I really shouldn’t be beating myself up about his death, seriously.  I just really, really miss him, and I’m trying hard not to feel like I failed him somehow (which is so stupid: my friends tell me they want to come back as one of my cats, I spoil them so).  I just want so badly to be able to turn back time and do some things differently.  Hindsight and all that.  I keep getting jolted by little reminders that he’s not here, like looking for a photo on my phone and running across one that I took of him.  Or eating my yogurt and getting to the end.  He always liked me to scrape the last bits of yogurt out of the container and let him lick it off my spoon.  He’d sit patiently while I ate it and then stand up to get his treat at the end.  Just normal things, like noticing an overall reduction in food and water intake as well as a cleaner catbox, remind me that he’s not here any more.

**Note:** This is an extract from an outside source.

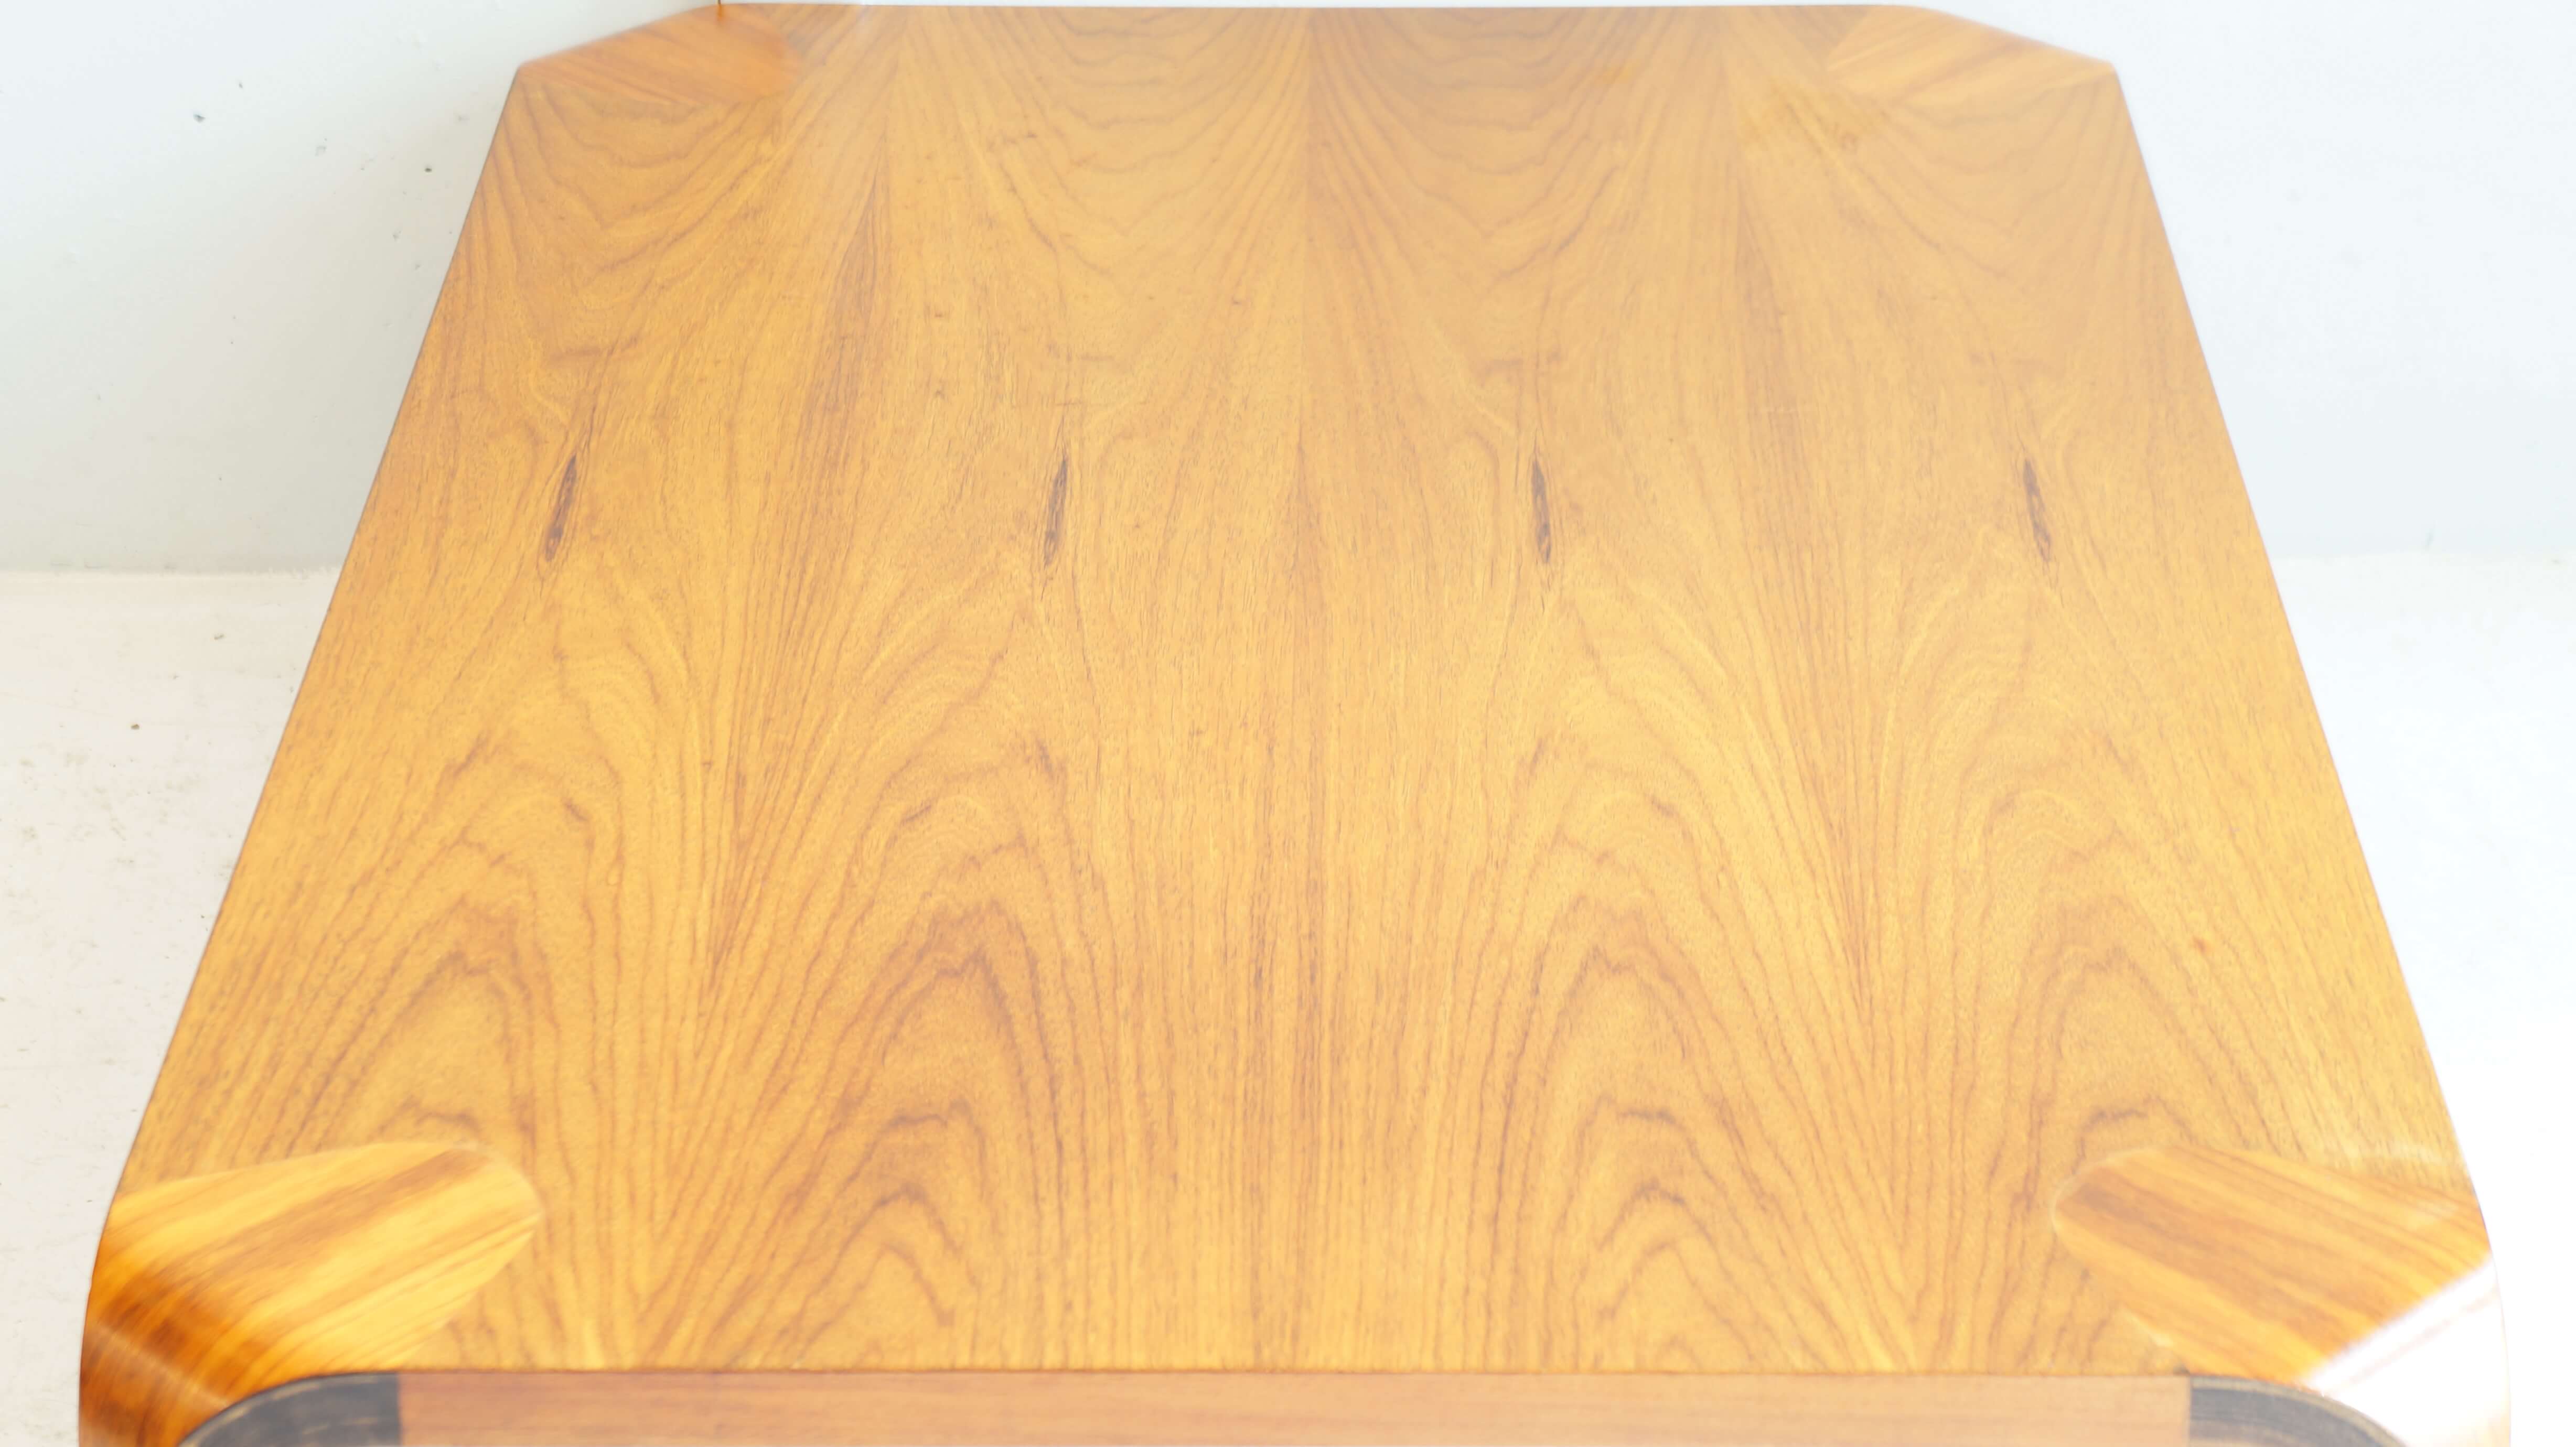 TENDO MOKKO ROSE WOOD LOW TABLE "ZATAKU" DESIGN BY SABURO INUI /廃盤 天童木工 ローズウッド 座卓 センターテーブル 乾 三郎 デザイン
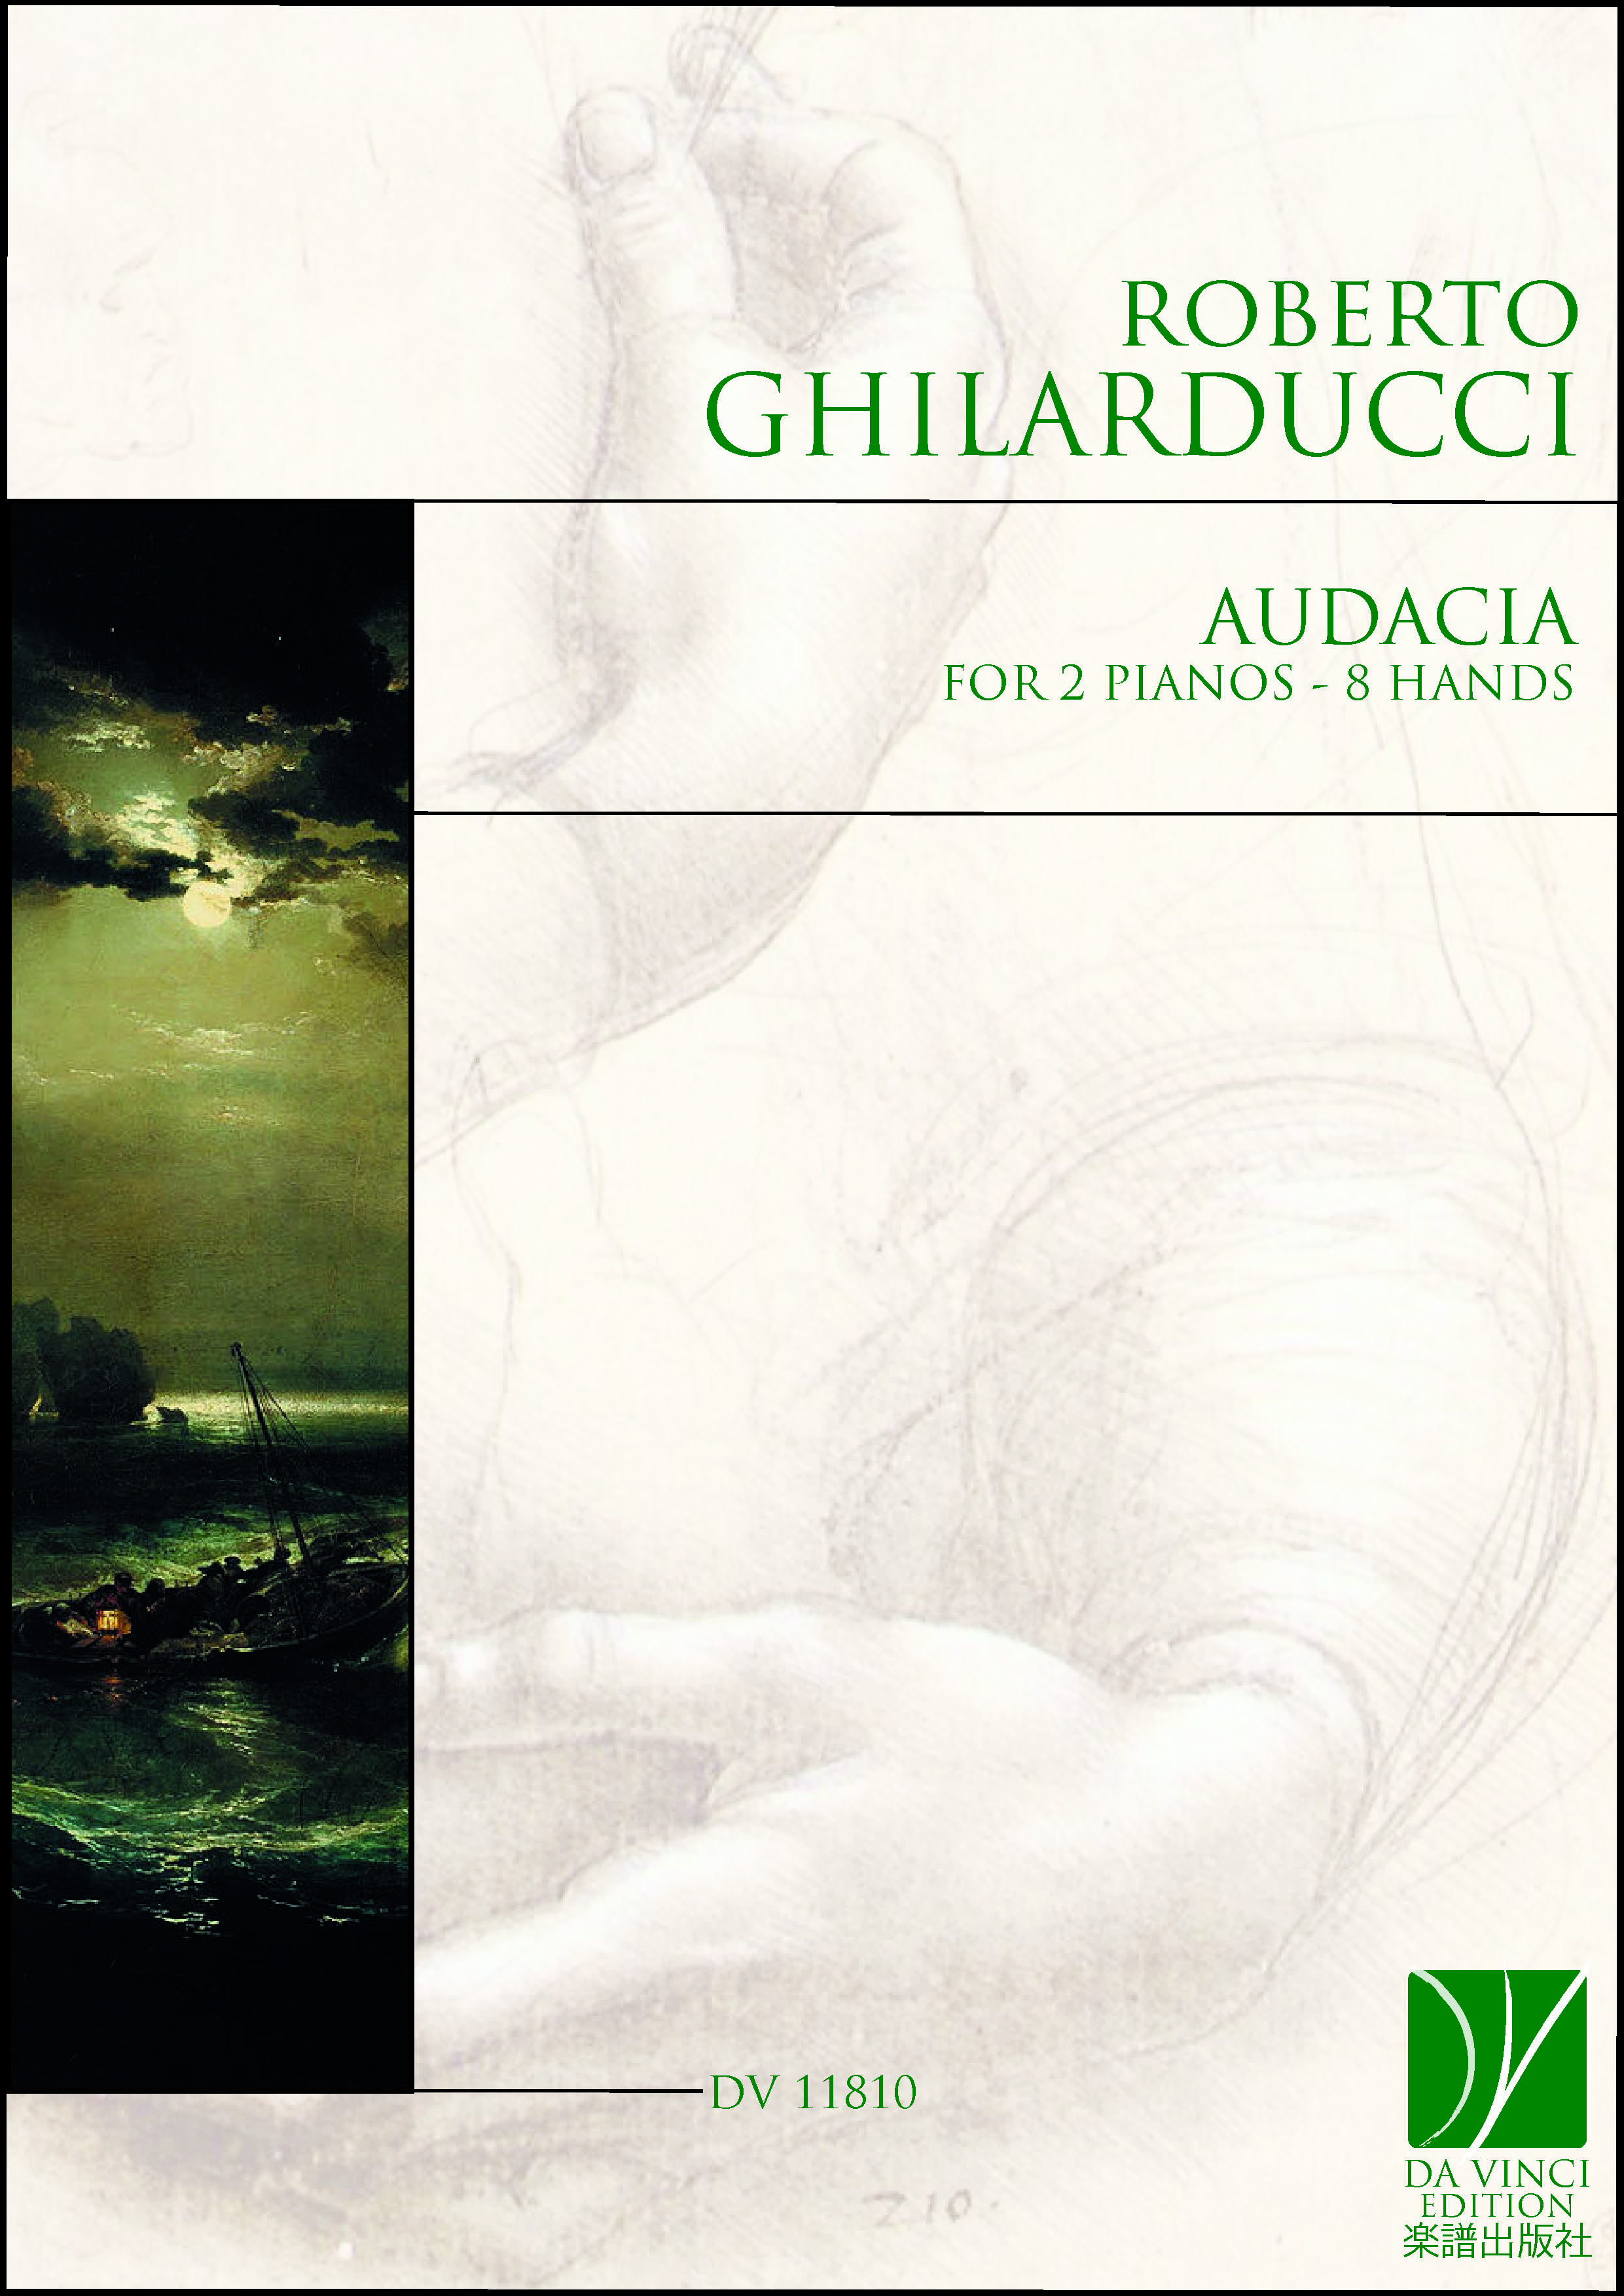 Audacia, for 2 Pianos - 8 Hands (GHILARDUCCI ROBERTO)

I’ve had to get rid of several things that I just couldn’t bear to look at any more because they reminded me of his last couple of months with us.  My daughter and I agree that we’ll have to replace the purple rugs in her room where he slept most of those last couple of months, because we keep looking for him there.  There are other spots in the house where I reflexively look for him, and I suppose I will for a long time.  Fifteen years is a long time to get used to someone’s presence.

For now, though, I will try to focus on the happiness that is MamaCat’s recovery and enjoy not only her time with us, but also our other cat Samadhi’s increased attention and affection.  She’s a sweet cat who is exhibiting new behaviors now that her brother is gone.  It’s neat to experience them.